Sawe won the London Marathon in 1:59:30 while runner-up Kejelcha finished in 1:59:41.
CapeTalk's John Maytham spoke to Sports Scientist Dr Russ Tucker about this historic achievement.
Tucker said he feels more confident in Sawe than many of the other athletes they've seen in recent years because he voluntarily undergoes performance enhancing drug tests.
"What he did last year, I think just before Berlin was take quite an innovative step where his sponsor Adidas actually paid the Athletics Integrity Unit an additional $50,000. That was the investment they made. And they said we want this guy's performance, whatever it is, to be as credible as possible so for this 50,000 test him. In that instance 25 times before Berlin.
"He didn't get the world record on that occasion but they apparently repeated that ahead of London. Now it wasn't 25 tests over two months before London it was spread out over the last four or five months. But I think when we express scepticism because of the lack of testing, it's only fair that we give credit when there is more testing."
Tucker added that because Sawe finished the race so fast an so strongly, he probably has more. "What will be interesting is if Sabastian Sawe does go to Berlin whether he can go even faster... I looked at the last 20 years of performances and on average London is about a minute slower than Berlin. So it suggests that if he has a similar day in Berlin we might be talking about another world record."
As for Kejelcha, remarkably he was making his marathon race debut.
"Pretty much every elite marathon runner gets better after their first one which makes sense. You learn the event. You improve. Your training develops and you do better in your second, third or fourth one.

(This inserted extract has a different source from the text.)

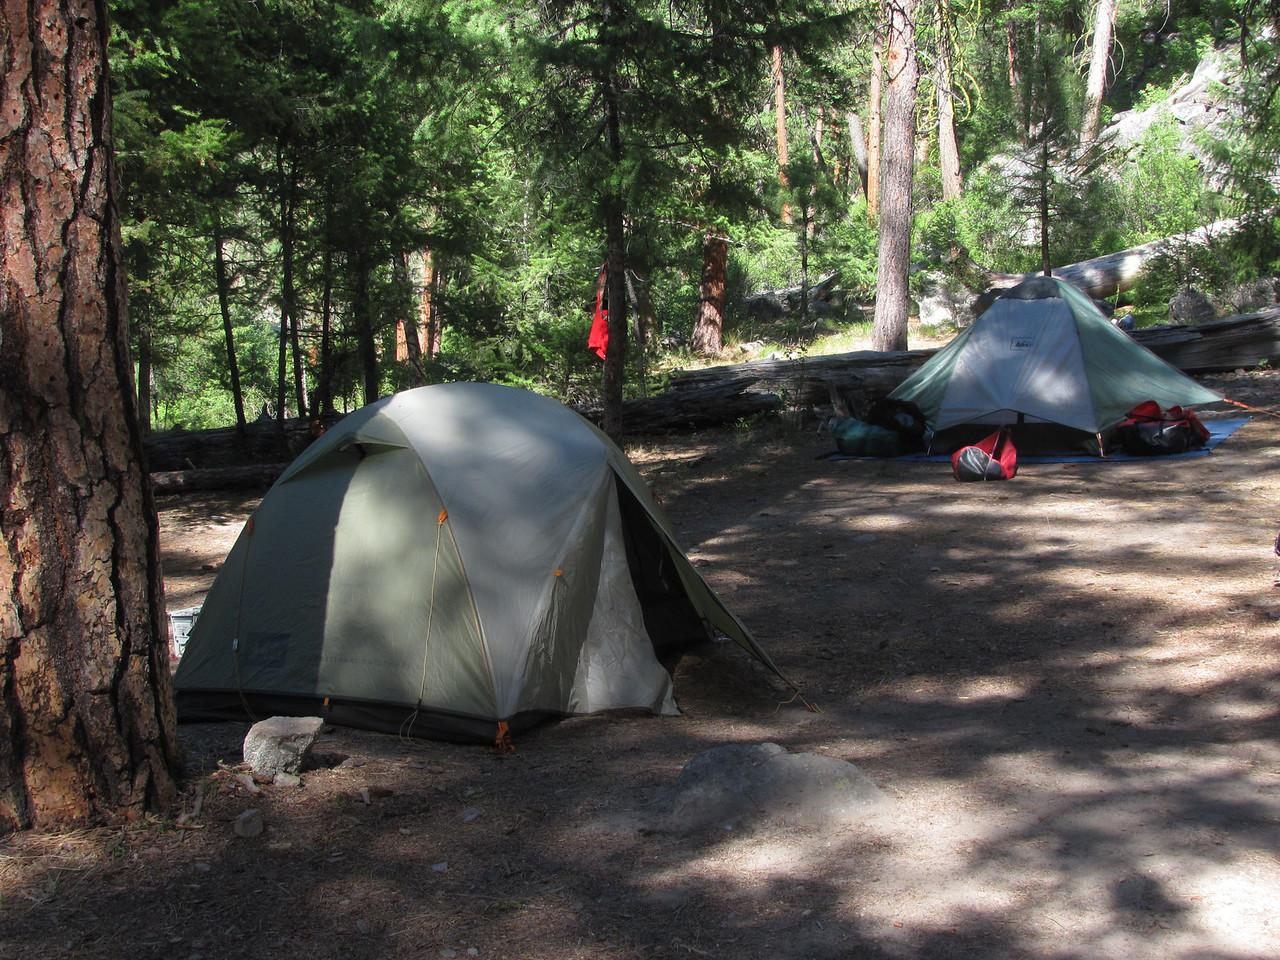 Little Soldier Camp

So to run 1:59:41 suggests that he will also have something more."
Another African athlete, Ugandan runner Jacob Kiplimo finished in third place with a time of 2:00:28.
All three men on the podium managed to smash the world record of 2:00:35 set in 2023 by the late Kenyan Kelvin Kiptum who died in a car accident the following year.
All eyes are now on the Berlin Marathon scheduled to take place on the 27th of September.